## Exercise directions
Only the lines from the one with "Manifestantes contra el" through the last line of the material below belong in the answer, copied exactly and without pictures.

## Information provided
-------------------------
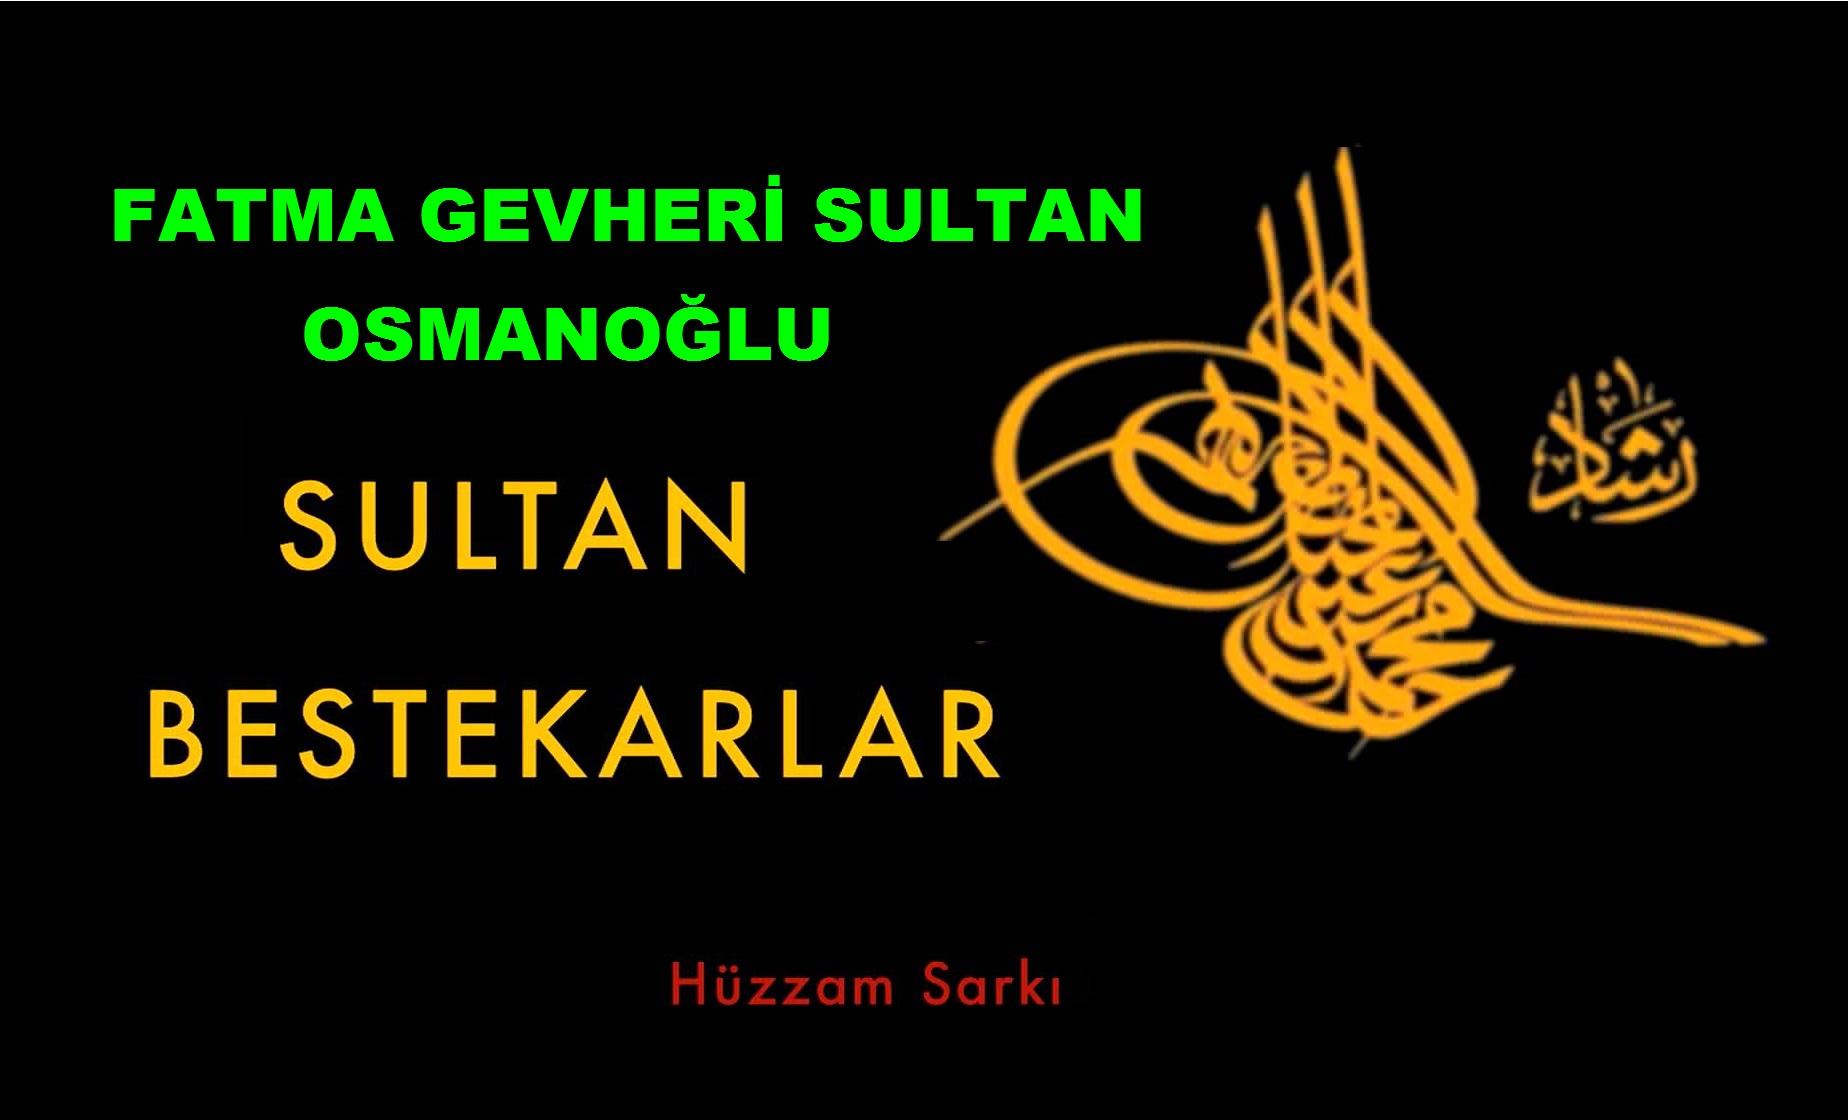 Fatma Gevheri Sultan Osmanoglu 1904 1980 Sultani Bestekar Bestekar Ve Müzisyen Baba Kız Şehzade Mehmet Seyfettin Efendi Ve Kızı
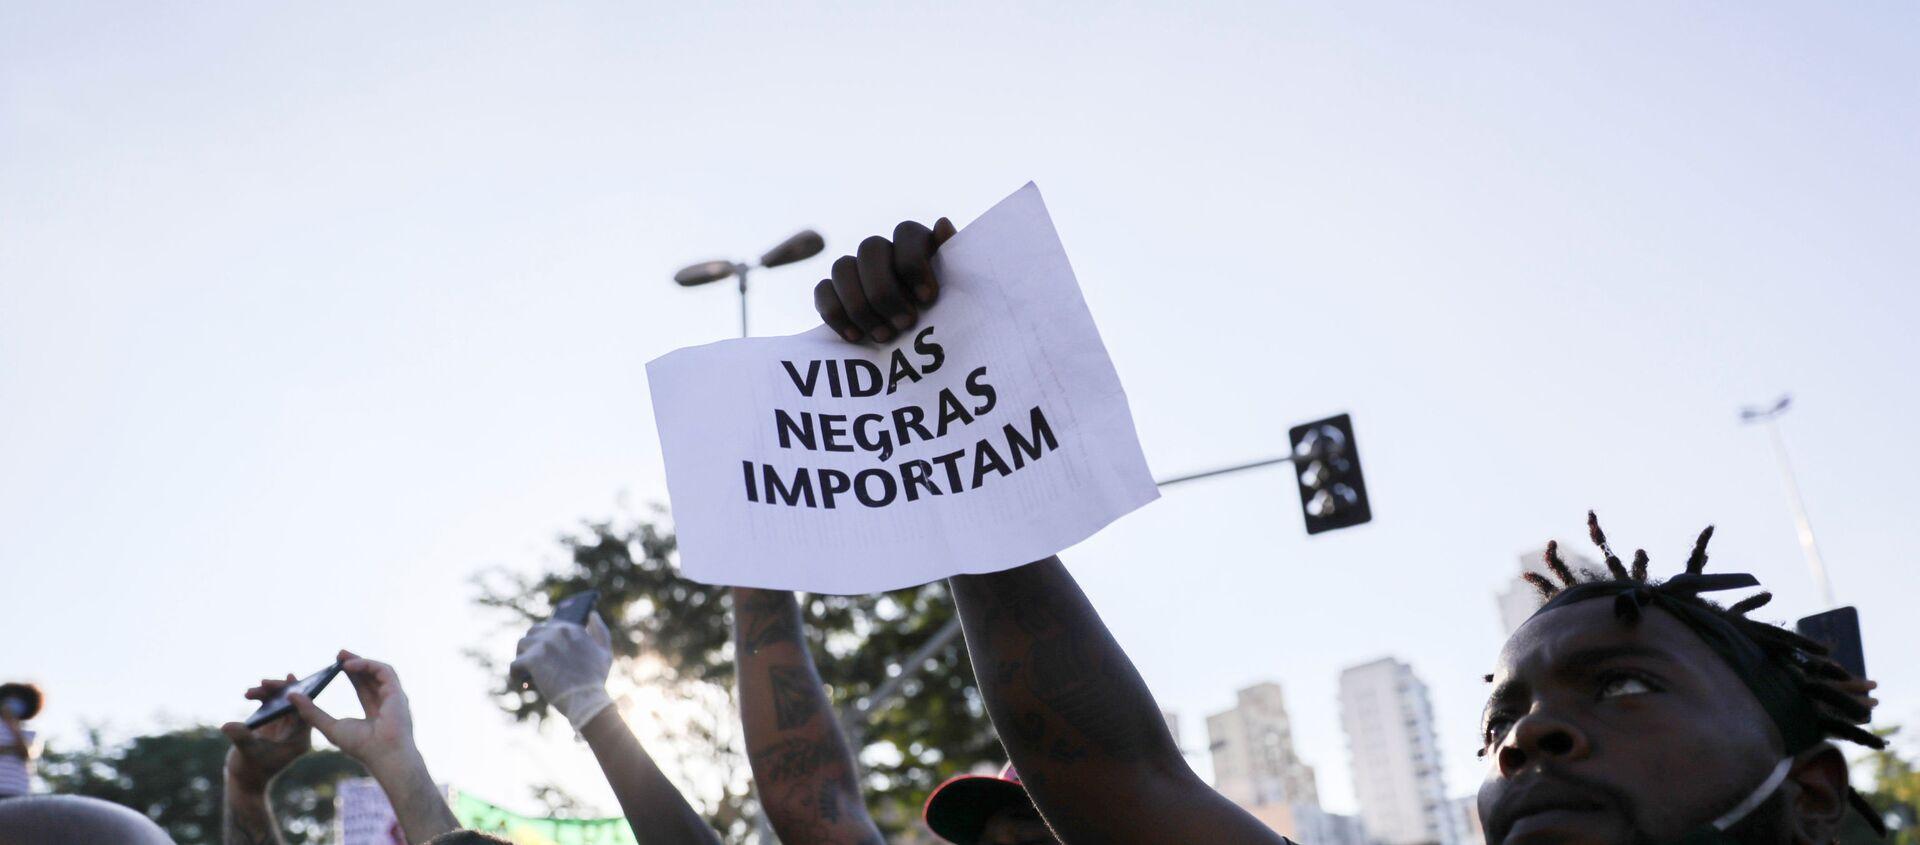 Manifestantes contra el racismo durante una protesta en Sao Paulo, Brasil - Sputnik Mundo, 1920, 08.06.2020
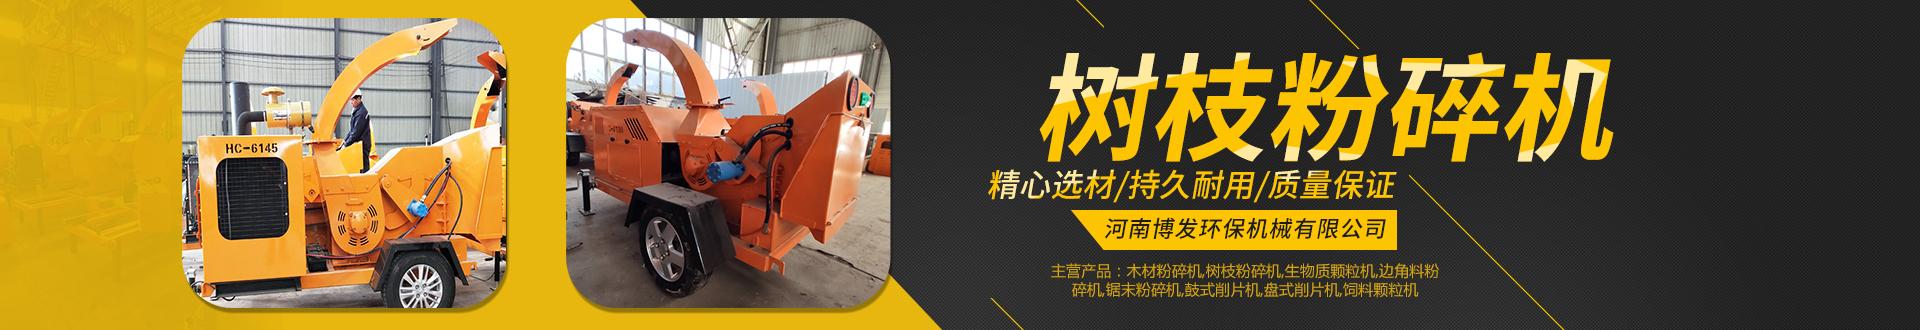 河南博发环保机械有限公司
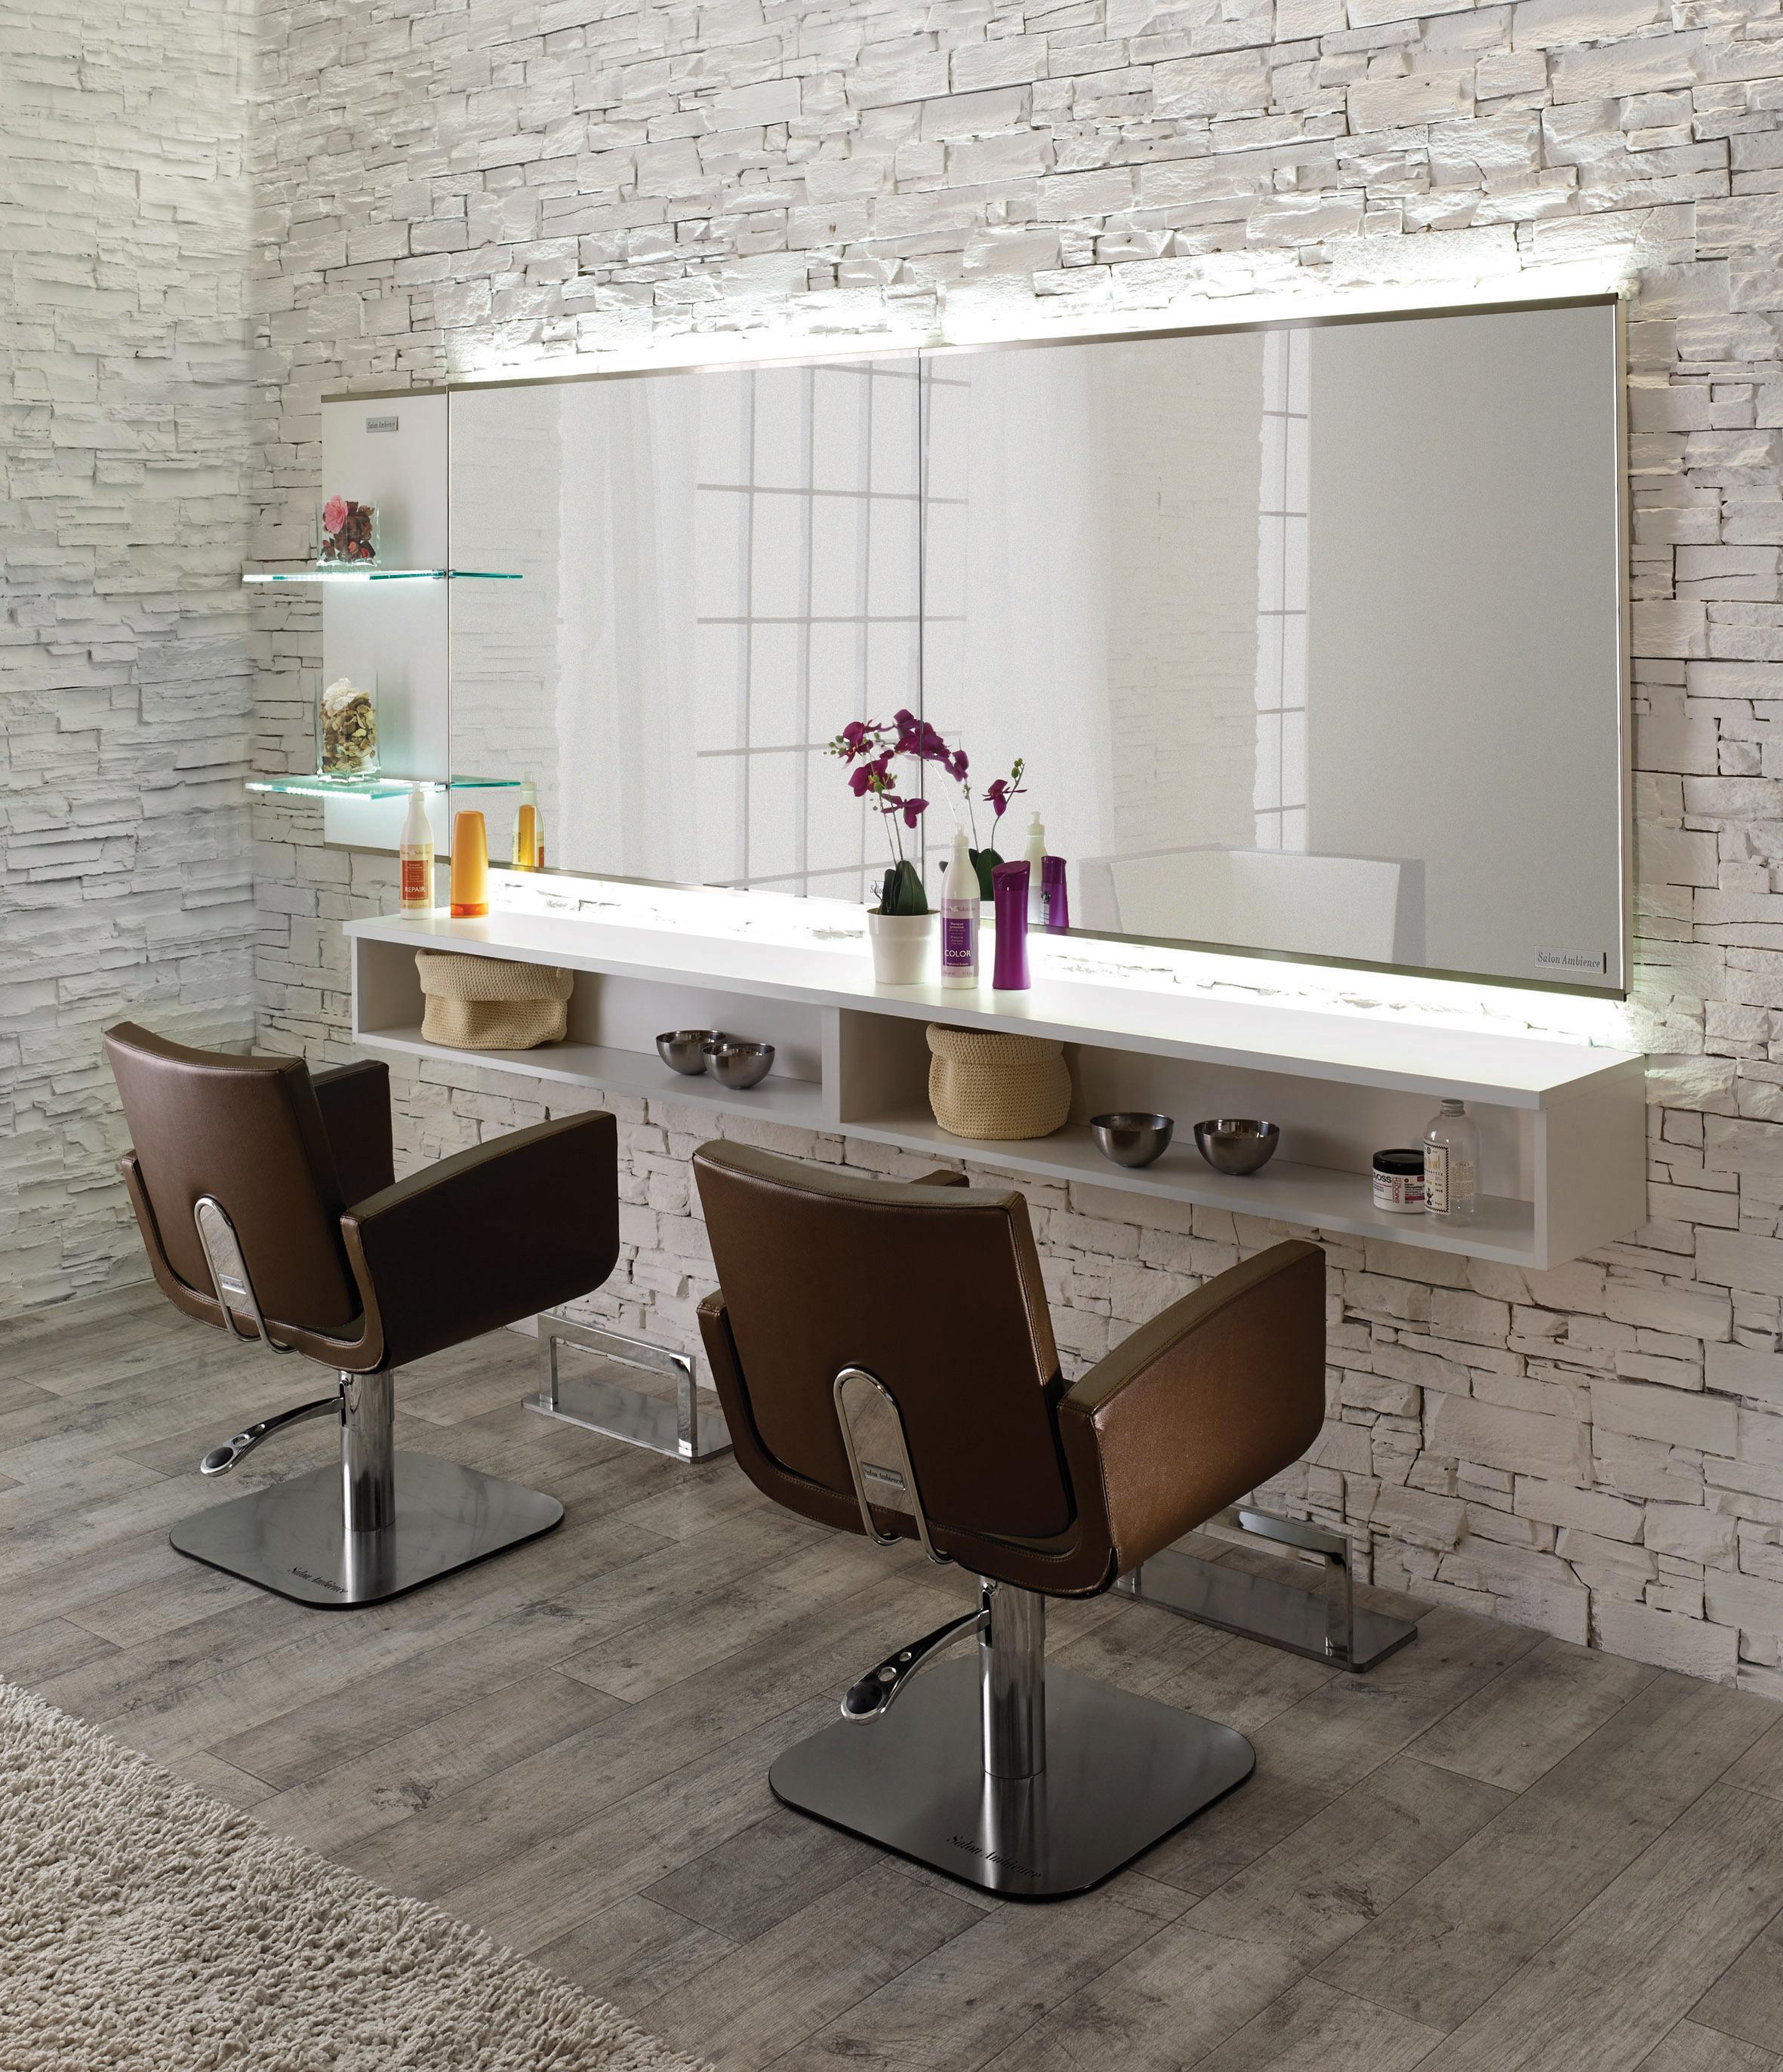 Salon-spiegel-designs Élargissez votre horizon avec cet élégant poste de coiffage un
-------------------------
## Exercise output
 Manifestantes contra el racismo durante una protesta en Sao Paulo, Brasil - Sputnik Mundo, 1920, 08.06.2020
 河南博发环保机械有限公司
 Salon-spiegel-designs Élargissez votre horizon avec cet élégant poste de coiffage un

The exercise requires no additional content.